Une clause résolutoire a été insérée au bail prévoyant la résiliation de plein droit du contrat à défaut de paiement des loyers et des charges.
Constatant que sa locataire ne réglait plus ses loyers, la S.A. MAISON ANTOINE BAUD – MAB a, par acte du 5 mars 2024, fait signifier à la S.A.R.L. A2PSC (AMEMAG MULTISERVICES) un commandement de payer visant la clause résolutoire pour la somme totale de 7.915,49 € au titre des loyers impayés au 2 février 2024, sans résultat.
Par acte d’assignation en date du 17 juin 2024, la S.A. MAISON ANTOINE BAUD – MAB a assigné la S.A.R.L. A2PSC (AMEMAG MULTISERVICES) devant la Présidente du Tribunal statuant en référé aux fins suivantes :
- Constater la résiliation du bail dont est titulaire la SAS A2PSC, immatriculée au Registre du Commerce et des Sociétés près le TRIBUNAL DE COMMERCE de NEVERS sous le n°RCS 822 931 978 sur le local exploité par elle [Adresse 2] à [Localité 5], à la date du 5 avril 2024,
En conséquence,
- Ordonner l’expulsion de la SAS A2PSC ainsi que de tout occupant de son fait, sous astreinte de 500 € par jour de retard à compter de la signification de l’ordonnance à intervenir,
- Fixer le montant de l’indemnité de jouissance jusqu’à la libération effective des lieux, à la somme mensuelle de 1368,50 € TTC,
- Condamner la SAS A2PSC, par provision, à payer et porter la somme de 16917,70 € TTC, montant de l’arriéré de loyers, frais et pénalités,
- La condamner au paiement d’une somme de 3 000 € sur le fondement de l’article 700 du Code de Procédure Civile,
- La condamner aux entiers dépens de la procédure qui comprendront ceux relatifs au commandement de payer visant la clause résolutoire en date du 5 mars 2024.
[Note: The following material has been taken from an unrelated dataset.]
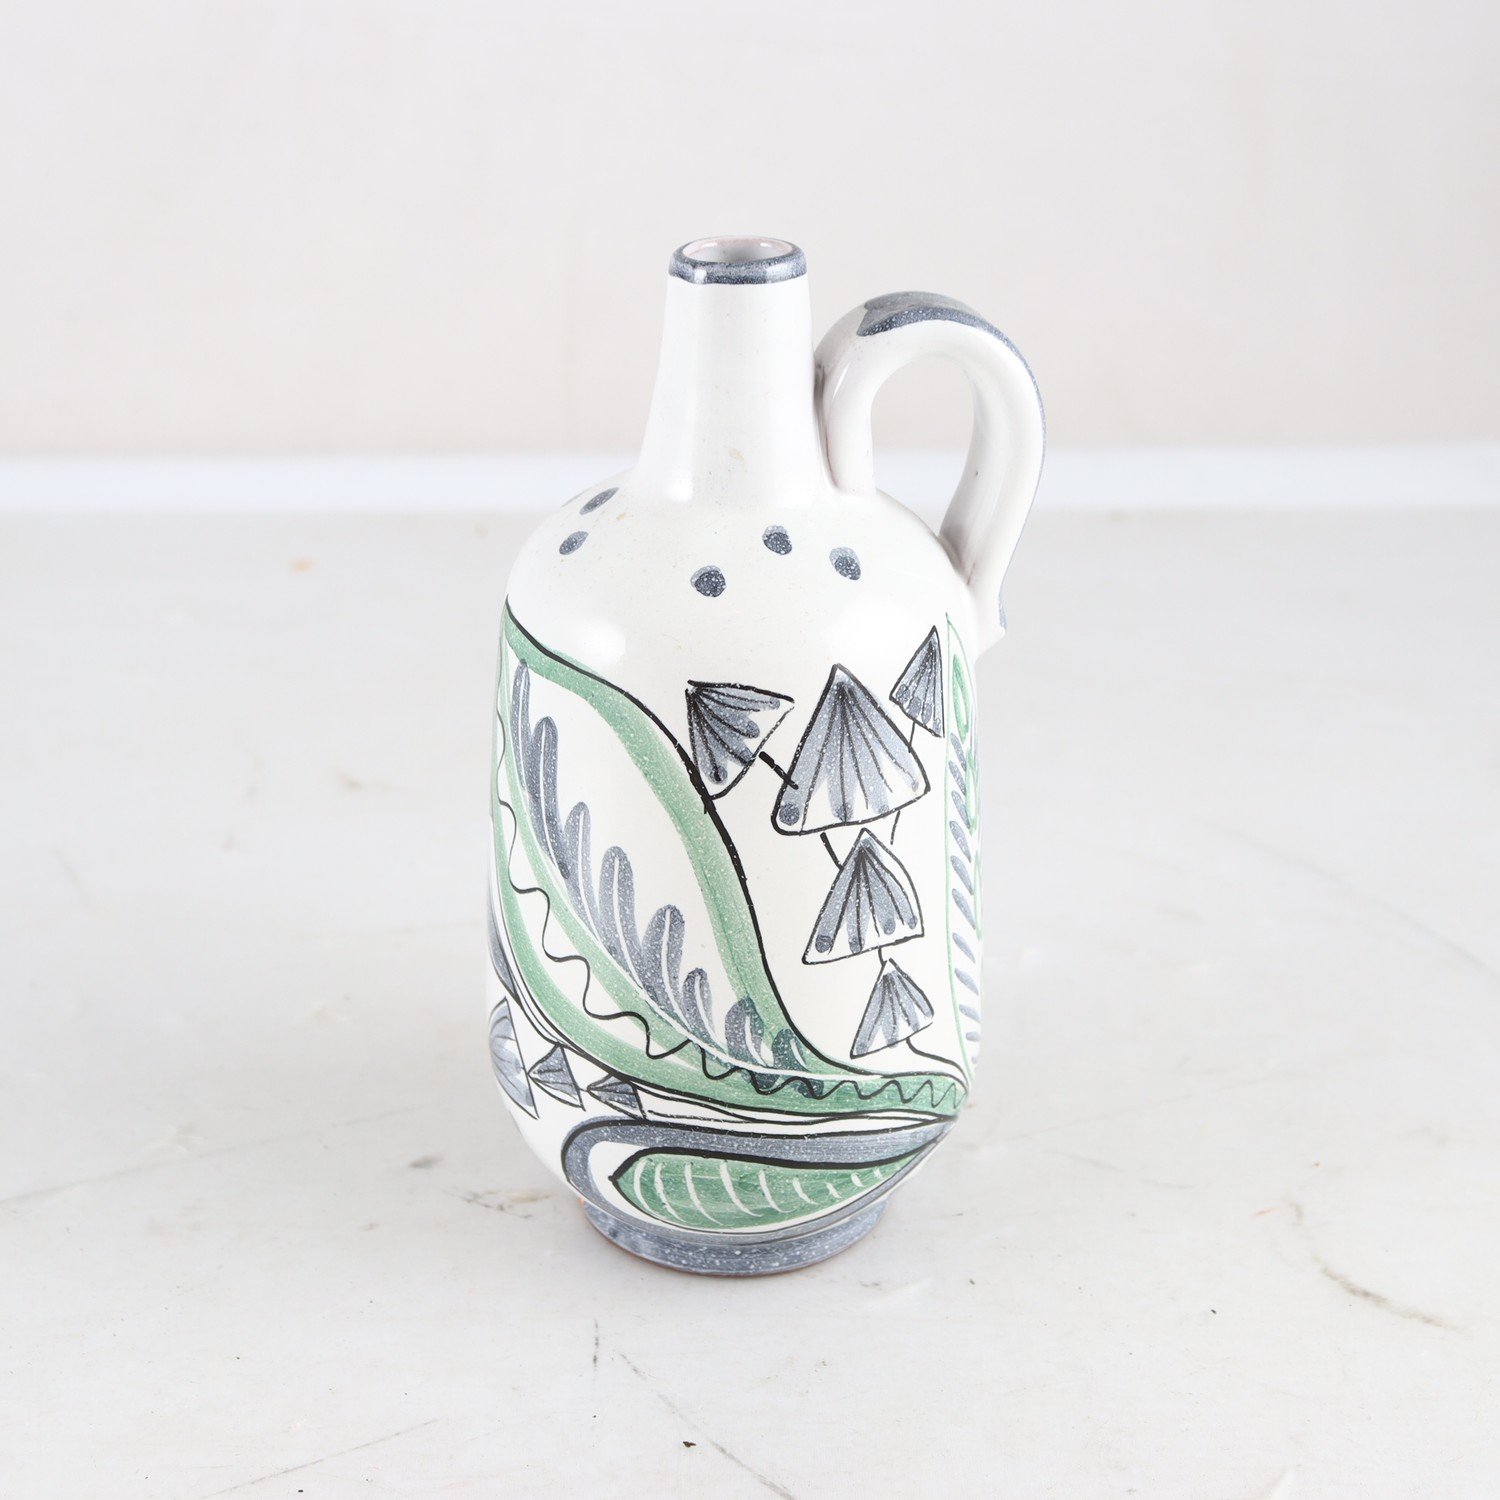 Vas, Berit Davidsson, Laholms keramik.
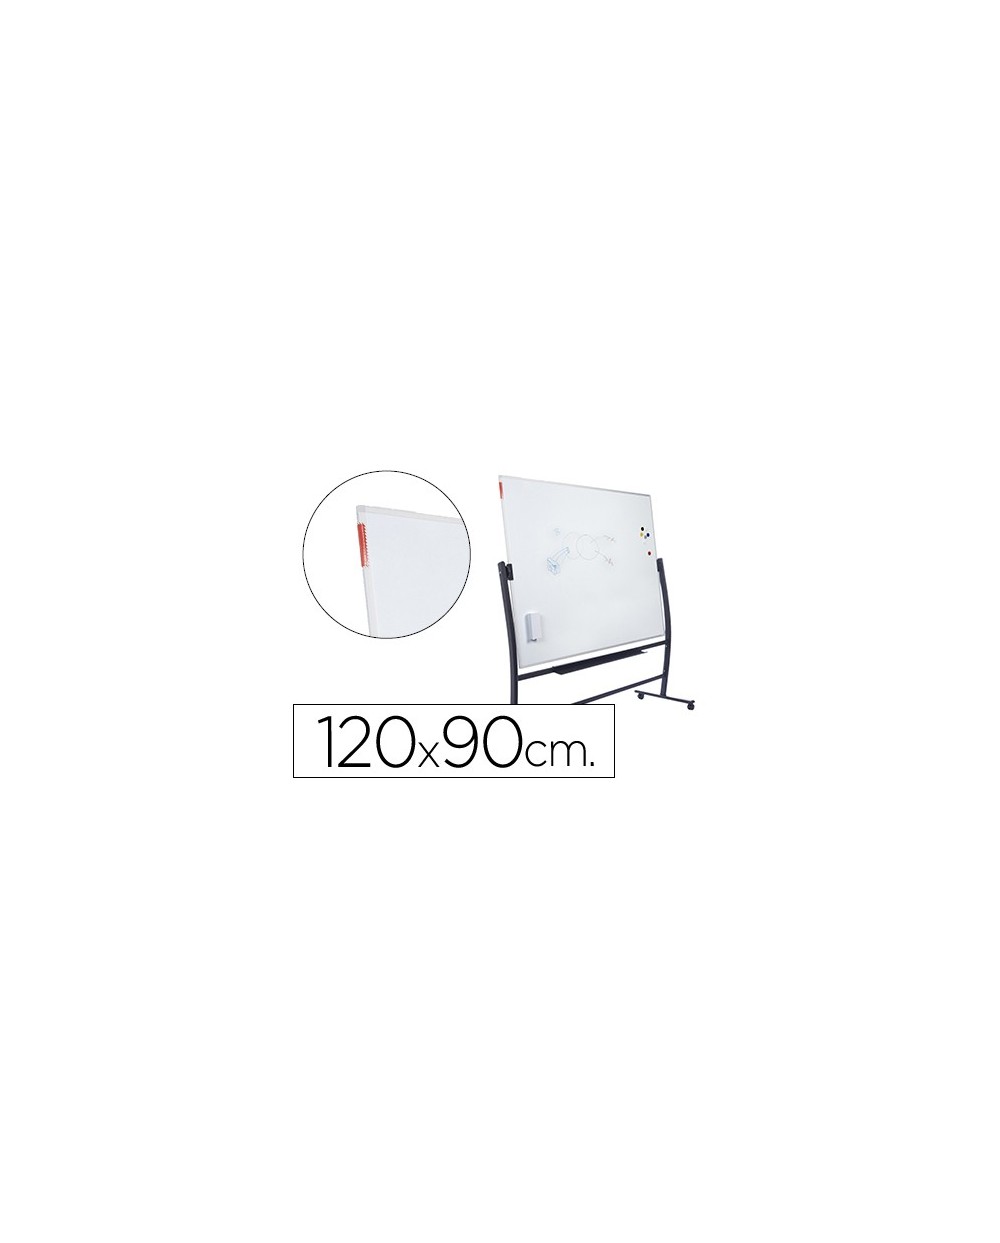 Pizarra blanca rocada lacada magnetica con soporte volteable doble cara 90x120 cm

A l’audience du 16 juillet 2024 à laquelle les débats se sont tenus, la demanderesse a repris le contenu de son assignation.
La S.A.R.L. A2PSC (AMEMAG MULTISERVICES) n’a pas comparu, ni constitué avocat.
Pour le surplus, il est renvoyé à l’assignation.
MOTIFS DE LA DECISION
1/ Sur les demandes principales
En application de l’article 835 alinéa 2 du Code de procédure civile, la Présidente du Tribunal statuant en référé peut, dans les cas où l'existence de l'obligation n'est pas sérieusement contestable, en ordonner l’exécution même s'il s'agit d'une obligation de faire, ou accorder une provision au créancier.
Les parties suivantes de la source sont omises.